Significa fare un ragionamento serio sull’indipendenza e sull’autonomia. Perché quello che vuole l’impresa non è un sindacato con cui confrontarsi o confliggere, ma  è un sindacato che assuma e sostenga gli obiettivi dell’impresa. Quello che è accaduto in Fiat di questo ci parla: la “piattaforma”, lì, l’ha fatta Marchionne e poi ha chiesto al sindacato di sottoscriverla Altro che trattativa!

Significa fare un ragionamento serio sulla democrazia. Perché se non ti poni il problema di come riconquistare la soggettività di chi lavora, se nelle fabbriche, negli uffici, nelle scuole, in ogni luogo di lavoro, vige l’impossibilità di esercitare il conflitto, viene meno uno degli elementi di fondo della democrazia e il rischio che si affermi un modello autoritario si fa sempre più alto.

Significa fare un ragionamento serio anche sulla democrazia interna. Perché non basta scrivere su un documento che le diverse posizioni (che esistono) e il pluralismo sono una risorsa se poi, come è accaduto, quelle diverse posizioni non hanno alcuna possibilità di contare nei luoghi dove vengono prese le decisioni che spesso, troppo spesso negli ultimi anni, sono state assunte in gruppi ristrettissimi.

Questi sono i nodi che, nello scorso congresso, chi si riconosceva nel documento “la Cgil che vogliamo” aveva già posto e su cui la Fiom, troppo spesso in solitudine, insiste da tempo con la teoria e con la prassi. Volevamo cambiare la Cgil e non ci siamo riusciti, forse anche per limiti nostri.

Negli anni che ci separano da quel momento la situazione è drammaticamente peggiorata, i rapporti di forza sociali e politici sono sempre più squilibrati, in campo non esiste un movimento generale che rivendichi il cambiamento, dilagano paura e rassegnazione.

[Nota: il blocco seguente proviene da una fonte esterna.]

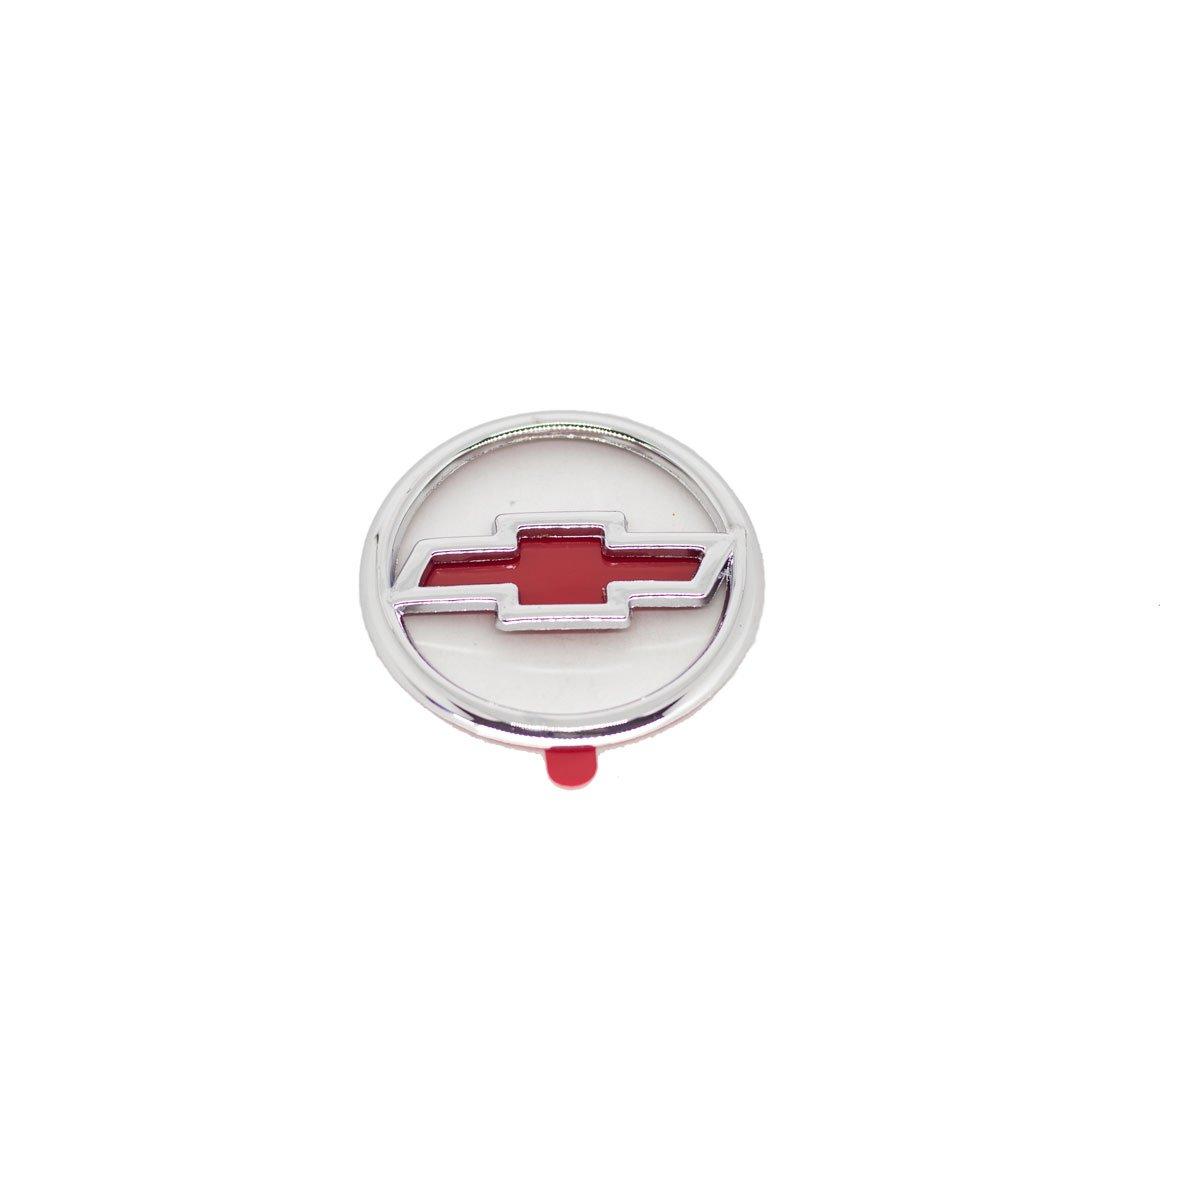 Emblema Porta Malas/Fechadura Corsa 96/ Cromado

Anche per questo o la Cgil tutta vorrà e saprà “leggere” davvero questa fase inedita e pericolosa senza gli schemi del passato, vorrà e saprà indirizzare la forza che ancora ha con l’obiettivo di modificare lo stato di cose presenti oppure si ridurrà a gestire l’esistente. Ma non è di questo che hanno bisogno i giovani, i disoccupati, i pensionati di questo Paese. E per favore, non si chieda a qualcuno di continuare a fare le battaglie per tutti.

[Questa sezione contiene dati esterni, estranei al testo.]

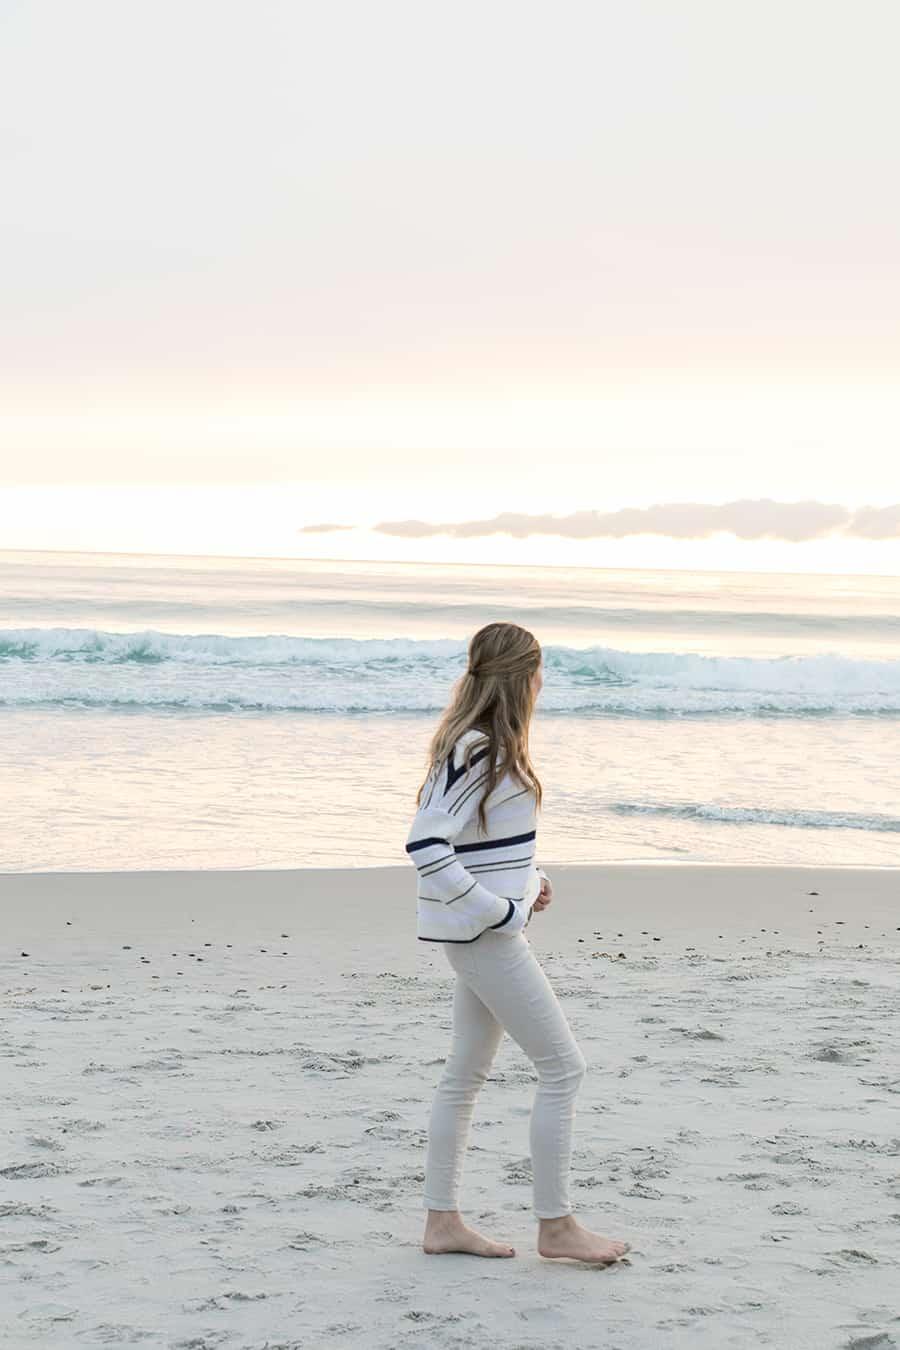 Eden Passante walking on the beach in Carmel

Quello che le imprese vogliono imporre è il rapporto individuale (come se azienda e singolo lavoratore fossero “alla pari”). Questa sarebbe la fine dell’agire collettivo e della possibilità di contrattare; sancirebbe l’inutilità del sindacato e la totale sottomissione dei lavoratori ai voleri dell’azienda. Proprio perché l’obiettivo dei padroni è chiaro l’esistenza del sindacato è fondamentale: a patto che sia autonomo, indipendente, democratico (nel rapporto con i lavoratori e nelle sue dinamiche interne), che non abbia paura del conflitto, che si ponga l’obiettivo di riunificare le lotte, le situazioni contrattuali e di estendere le tutele.